Please retype the data in full, exactly as given.
Exercise inputs START
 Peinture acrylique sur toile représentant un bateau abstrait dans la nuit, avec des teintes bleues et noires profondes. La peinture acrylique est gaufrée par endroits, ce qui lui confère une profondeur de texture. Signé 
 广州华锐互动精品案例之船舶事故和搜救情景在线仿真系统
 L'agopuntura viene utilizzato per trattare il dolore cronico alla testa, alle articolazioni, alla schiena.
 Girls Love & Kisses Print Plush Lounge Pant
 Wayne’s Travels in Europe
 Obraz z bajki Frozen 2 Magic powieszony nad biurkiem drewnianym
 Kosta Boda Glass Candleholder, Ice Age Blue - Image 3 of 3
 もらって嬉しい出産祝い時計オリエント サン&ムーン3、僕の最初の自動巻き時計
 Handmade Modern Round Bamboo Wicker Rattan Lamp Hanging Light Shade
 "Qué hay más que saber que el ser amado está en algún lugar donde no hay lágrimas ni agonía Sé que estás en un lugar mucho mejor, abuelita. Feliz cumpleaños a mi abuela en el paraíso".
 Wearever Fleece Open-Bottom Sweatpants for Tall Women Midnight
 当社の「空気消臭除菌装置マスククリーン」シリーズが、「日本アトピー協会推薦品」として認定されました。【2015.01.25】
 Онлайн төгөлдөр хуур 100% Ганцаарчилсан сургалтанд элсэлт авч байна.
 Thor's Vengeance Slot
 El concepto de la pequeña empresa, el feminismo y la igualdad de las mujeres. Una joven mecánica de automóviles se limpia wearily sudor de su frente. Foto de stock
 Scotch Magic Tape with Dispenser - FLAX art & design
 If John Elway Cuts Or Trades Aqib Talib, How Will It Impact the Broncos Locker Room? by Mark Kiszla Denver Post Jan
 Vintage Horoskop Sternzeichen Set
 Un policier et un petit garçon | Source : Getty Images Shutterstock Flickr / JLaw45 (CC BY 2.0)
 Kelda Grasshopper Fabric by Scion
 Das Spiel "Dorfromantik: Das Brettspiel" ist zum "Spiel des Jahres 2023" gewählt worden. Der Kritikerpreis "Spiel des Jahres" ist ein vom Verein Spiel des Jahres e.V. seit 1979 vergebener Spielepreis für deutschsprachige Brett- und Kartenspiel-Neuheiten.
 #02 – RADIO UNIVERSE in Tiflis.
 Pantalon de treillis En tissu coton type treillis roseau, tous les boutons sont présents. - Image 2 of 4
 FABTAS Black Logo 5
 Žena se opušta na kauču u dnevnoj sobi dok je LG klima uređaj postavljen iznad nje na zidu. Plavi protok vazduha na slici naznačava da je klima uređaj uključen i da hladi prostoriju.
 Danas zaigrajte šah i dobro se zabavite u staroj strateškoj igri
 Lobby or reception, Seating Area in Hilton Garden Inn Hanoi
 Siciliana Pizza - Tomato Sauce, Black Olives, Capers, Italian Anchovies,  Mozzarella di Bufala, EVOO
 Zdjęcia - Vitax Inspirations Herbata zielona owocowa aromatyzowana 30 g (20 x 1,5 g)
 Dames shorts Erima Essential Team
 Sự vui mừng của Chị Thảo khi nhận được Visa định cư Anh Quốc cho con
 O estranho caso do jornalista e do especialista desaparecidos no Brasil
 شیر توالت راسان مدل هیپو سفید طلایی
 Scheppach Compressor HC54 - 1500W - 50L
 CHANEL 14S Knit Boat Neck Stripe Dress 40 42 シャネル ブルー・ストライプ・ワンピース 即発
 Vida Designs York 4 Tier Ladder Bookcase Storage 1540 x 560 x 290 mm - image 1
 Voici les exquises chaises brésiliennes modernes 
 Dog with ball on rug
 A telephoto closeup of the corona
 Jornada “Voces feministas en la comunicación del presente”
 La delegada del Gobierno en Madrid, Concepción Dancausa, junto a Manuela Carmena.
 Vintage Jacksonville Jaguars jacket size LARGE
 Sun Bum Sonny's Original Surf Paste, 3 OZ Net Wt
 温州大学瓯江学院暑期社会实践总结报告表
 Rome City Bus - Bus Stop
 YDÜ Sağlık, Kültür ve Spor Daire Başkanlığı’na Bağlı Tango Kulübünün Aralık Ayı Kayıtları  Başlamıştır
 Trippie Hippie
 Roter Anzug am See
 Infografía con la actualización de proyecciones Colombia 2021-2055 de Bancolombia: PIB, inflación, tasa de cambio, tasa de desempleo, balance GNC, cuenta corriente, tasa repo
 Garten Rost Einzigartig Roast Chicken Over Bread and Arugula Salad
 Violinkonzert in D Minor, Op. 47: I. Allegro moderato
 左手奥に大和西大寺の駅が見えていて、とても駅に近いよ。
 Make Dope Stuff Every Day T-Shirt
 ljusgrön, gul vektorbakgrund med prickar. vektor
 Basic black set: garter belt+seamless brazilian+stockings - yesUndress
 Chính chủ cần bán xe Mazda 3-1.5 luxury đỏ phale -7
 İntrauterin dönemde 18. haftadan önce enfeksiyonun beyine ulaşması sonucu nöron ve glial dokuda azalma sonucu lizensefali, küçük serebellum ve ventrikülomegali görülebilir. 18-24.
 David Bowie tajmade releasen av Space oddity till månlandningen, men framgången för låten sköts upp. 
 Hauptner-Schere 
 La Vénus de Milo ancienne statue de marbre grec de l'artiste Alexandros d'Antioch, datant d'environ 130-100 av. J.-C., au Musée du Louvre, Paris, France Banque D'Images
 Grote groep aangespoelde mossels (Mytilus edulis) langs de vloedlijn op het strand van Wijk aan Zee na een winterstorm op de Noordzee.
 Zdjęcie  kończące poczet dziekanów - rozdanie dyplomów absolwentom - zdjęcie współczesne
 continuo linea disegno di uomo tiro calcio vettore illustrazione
Exercise inputs END
§ **Final answer**
 Peinture acrylique sur toile représentant un bateau abstrait dans la nuit, avec des teintes bleues et noires profondes. La peinture acrylique est gaufrée par endroits, ce qui lui confère une profondeur de texture. Signé 
 广州华锐互动精品案例之船舶事故和搜救情景在线仿真系统
 L'agopuntura viene utilizzato per trattare il dolore cronico alla testa, alle articolazioni, alla schiena.
 Girls Love & Kisses Print Plush Lounge Pant
 Wayne’s Travels in Europe
 Obraz z bajki Frozen 2 Magic powieszony nad biurkiem drewnianym
 Kosta Boda Glass Candleholder, Ice Age Blue - Image 3 of 3
 もらって嬉しい出産祝い時計オリエント サン&ムーン3、僕の最初の自動巻き時計
 Handmade Modern Round Bamboo Wicker Rattan Lamp Hanging Light Shade
 "Qué hay más que saber que el ser amado está en algún lugar donde no hay lágrimas ni agonía Sé que estás en un lugar mucho mejor, abuelita. Feliz cumpleaños a mi abuela en el paraíso".
 Wearever Fleece Open-Bottom Sweatpants for Tall Women Midnight
 当社の「空気消臭除菌装置マスククリーン」シリーズが、「日本アトピー協会推薦品」として認定されました。【2015.01.25】
 Онлайн төгөлдөр хуур 100% Ганцаарчилсан сургалтанд элсэлт авч байна.
 Thor's Vengeance Slot
 El concepto de la pequeña empresa, el feminismo y la igualdad de las mujeres. Una joven mecánica de automóviles se limpia wearily sudor de su frente. Foto de stock
 Scotch Magic Tape with Dispenser - FLAX art & design
 If John Elway Cuts Or Trades Aqib Talib, How Will It Impact the Broncos Locker Room? by Mark Kiszla Denver Post Jan
 Vintage Horoskop Sternzeichen Set
 Un policier et un petit garçon | Source : Getty Images Shutterstock Flickr / JLaw45 (CC BY 2.0)
 Kelda Grasshopper Fabric by Scion
 Das Spiel "Dorfromantik: Das Brettspiel" ist zum "Spiel des Jahres 2023" gewählt worden. Der Kritikerpreis "Spiel des Jahres" ist ein vom Verein Spiel des Jahres e.V. seit 1979 vergebener Spielepreis für deutschsprachige Brett- und Kartenspiel-Neuheiten.
 #02 – RADIO UNIVERSE in Tiflis.
 Pantalon de treillis En tissu coton type treillis roseau, tous les boutons sont présents. - Image 2 of 4
 FABTAS Black Logo 5
 Žena se opušta na kauču u dnevnoj sobi dok je LG klima uređaj postavljen iznad nje na zidu. Plavi protok vazduha na slici naznačava da je klima uređaj uključen i da hladi prostoriju.
 Danas zaigrajte šah i dobro se zabavite u staroj strateškoj igri
 Lobby or reception, Seating Area in Hilton Garden Inn Hanoi
 Siciliana Pizza - Tomato Sauce, Black Olives, Capers, Italian Anchovies,  Mozzarella di Bufala, EVOO
 Zdjęcia - Vitax Inspirations Herbata zielona owocowa aromatyzowana 30 g (20 x 1,5 g)
 Dames shorts Erima Essential Team
 Sự vui mừng của Chị Thảo khi nhận được Visa định cư Anh Quốc cho con
 O estranho caso do jornalista e do especialista desaparecidos no Brasil
 شیر توالت راسان مدل هیپو سفید طلایی
 Scheppach Compressor HC54 - 1500W - 50L
 CHANEL 14S Knit Boat Neck Stripe Dress 40 42 シャネル ブルー・ストライプ・ワンピース 即発
 Vida Designs York 4 Tier Ladder Bookcase Storage 1540 x 560 x 290 mm - image 1
 Voici les exquises chaises brésiliennes modernes 
 Dog with ball on rug
 A telephoto closeup of the corona
 Jornada “Voces feministas en la comunicación del presente”
 La delegada del Gobierno en Madrid, Concepción Dancausa, junto a Manuela Carmena.
 Vintage Jacksonville Jaguars jacket size LARGE
 Sun Bum Sonny's Original Surf Paste, 3 OZ Net Wt
 温州大学瓯江学院暑期社会实践总结报告表
 Rome City Bus - Bus Stop
 YDÜ Sağlık, Kültür ve Spor Daire Başkanlığı’na Bağlı Tango Kulübünün Aralık Ayı Kayıtları  Başlamıştır
 Trippie Hippie
 Roter Anzug am See
 Infografía con la actualización de proyecciones Colombia 2021-2055 de Bancolombia: PIB, inflación, tasa de cambio, tasa de desempleo, balance GNC, cuenta corriente, tasa repo
 Garten Rost Einzigartig Roast Chicken Over Bread and Arugula Salad
 Violinkonzert in D Minor, Op. 47: I. Allegro moderato
 左手奥に大和西大寺の駅が見えていて、とても駅に近いよ。
 Make Dope Stuff Every Day T-Shirt
 ljusgrön, gul vektorbakgrund med prickar. vektor
 Basic black set: garter belt+seamless brazilian+stockings - yesUndress
 Chính chủ cần bán xe Mazda 3-1.5 luxury đỏ phale -7
 İntrauterin dönemde 18. haftadan önce enfeksiyonun beyine ulaşması sonucu nöron ve glial dokuda azalma sonucu lizensefali, küçük serebellum ve ventrikülomegali görülebilir. 18-24.
 David Bowie tajmade releasen av Space oddity till månlandningen, men framgången för låten sköts upp. 
 Hauptner-Schere 
 La Vénus de Milo ancienne statue de marbre grec de l'artiste Alexandros d'Antioch, datant d'environ 130-100 av. J.-C., au Musée du Louvre, Paris, France Banque D'Images
 Grote groep aangespoelde mossels (Mytilus edulis) langs de vloedlijn op het strand van Wijk aan Zee na een winterstorm op de Noordzee.
 Zdjęcie  kończące poczet dziekanów - rozdanie dyplomów absolwentom - zdjęcie współczesne
 continuo linea disegno di uomo tiro calcio vettore illustrazione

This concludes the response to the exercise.